What is a Polygraph?
The polygraph is a machine designed to detect and record changes in physiological characteristics, such as an individual’s pulse and breathing rates. Some people also refer to it as a lie detector. The exam measures these physiological responses while the individual answers a series of questions. The goal of the polygraph is to attempt to determine whether the individual is being truthful, particularly about issues that could pose national security risks. These risks can include such issues as foreign connections, drug use, financial debts, or criminal activity. The exam is usually administered at the federal agency where you are seeking security access. The exam will then be given by an experienced polygraph examiner. Depending on the type of polygraph examination, the testing session could last 2 to 7 hours.
When is the Polygraph Exam Used?
Polygraph tests are typically used during the background investigation process for higher-level security clearances.They are discussed in Security Executive Agent Directive 2 and DOD Instruction 5210.91. In some polygraphs, the examiner asks a series of yes-or-no questions related to national security concerns, such as whether the applicant has committed espionage or had unauthorized contact with foreign nationals. Additional government guidance on the use of polygraphs within the Intelligence Community (IC) is provided in ICPG 704.6. The exam is meant to be one of many tools in determining a person’s reliability and trustworthiness. While polygraphs are not foolproof and can be influenced by a variety of factors — such as nervousness, medical conditions, or even the examiner’s approach — the results can have a significant impact on the outcome of a clearance investigation. Additionally, the exam process itself may lead to other security disclosures outside of the testing phase. A failed polygraph, however, does not automatically result in disqualification, but it is a potential red flag that must be considered and addressed.
Polygraph Exam Failures During Clearance Investigations
If you fail a polygraph examination, it is important to understand that this does not necessarily mean the end of your security clearance process. The next step typically involves a follow-up interview with the agency conducting the investigation, where you may be asked to discuss issues related to the results of the polygraph. During this interview, it is crucial to be honest, calm, and cooperative. Some applicants may find themselves in a situation where they fail the polygraph, either due to physiological reasons, anxiety, or other factors. This is fairly common. Understanding how to handle this outcome is essential for safeguarding your clearance prospects. We represent individuals in polygraph and security clearance matters.
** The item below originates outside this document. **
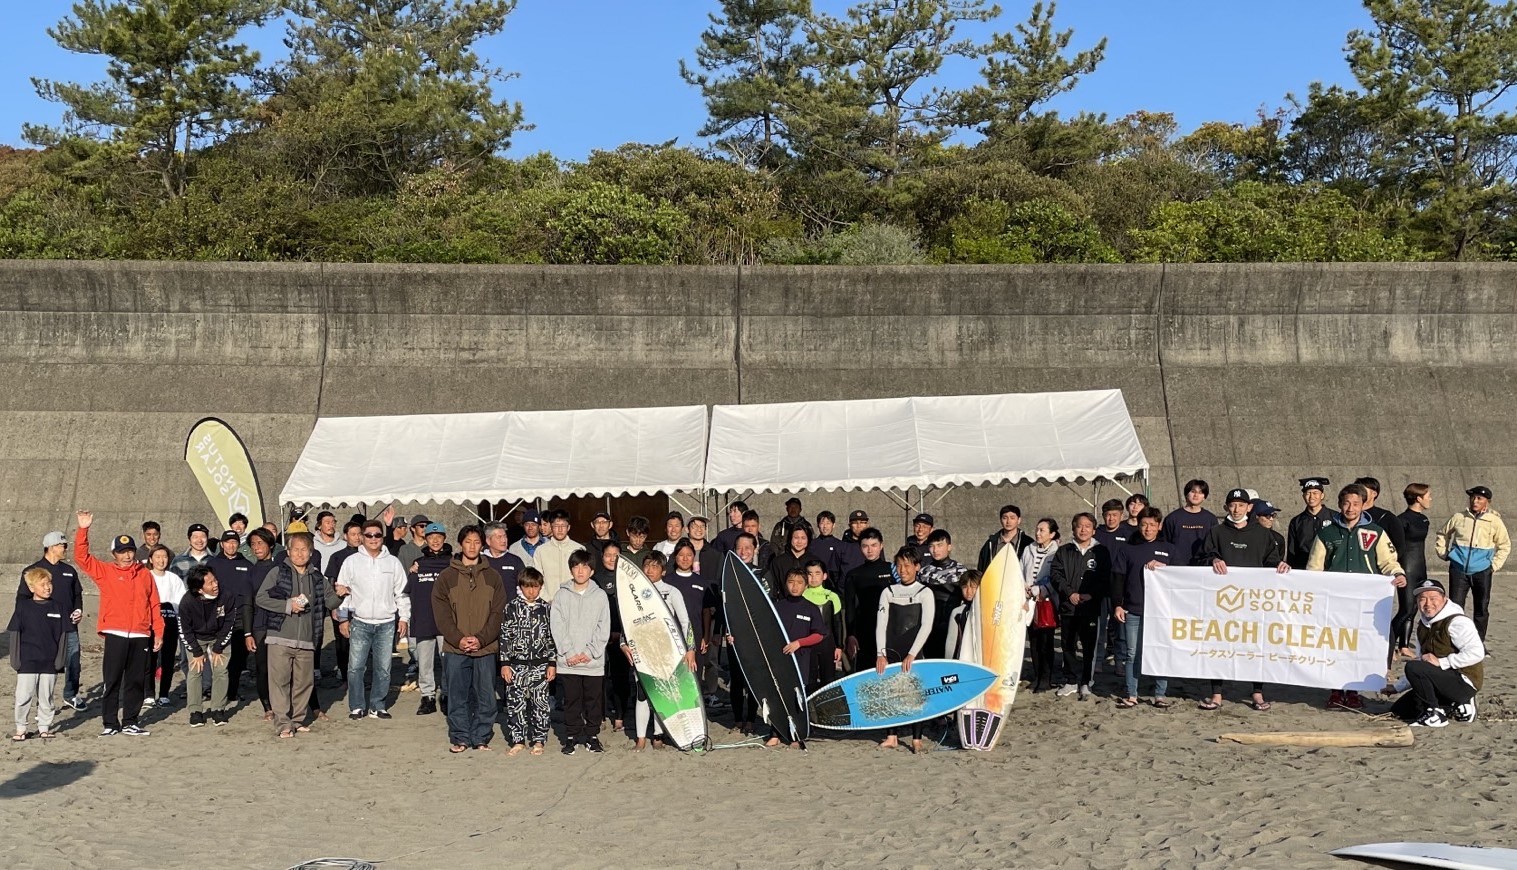 ノータスソーラージャパンが高知県東洋町生見海岸で4月9日に
開催されたサーフィン大会のビーチクリーン活動に協賛

In many cases, polygraph results may be inconclusive or misinterpreted, and further clarification or re-testing might be necessary. If the failure is related to a specific issue, such as a misunderstanding or anxiety, providing evidence or context may help clear up any doubts. However, if there is a legitimate concern — such as involvement in illegal activities or a failure to disclose critical information during the background check — the results could jeopardize your eligibility for a security clearance. If criminal issues come up, it is important to discuss these with counsel to see if the continued polygraph examination process is in your best interests. Some polygraph disclosures can lead to criminal concerns.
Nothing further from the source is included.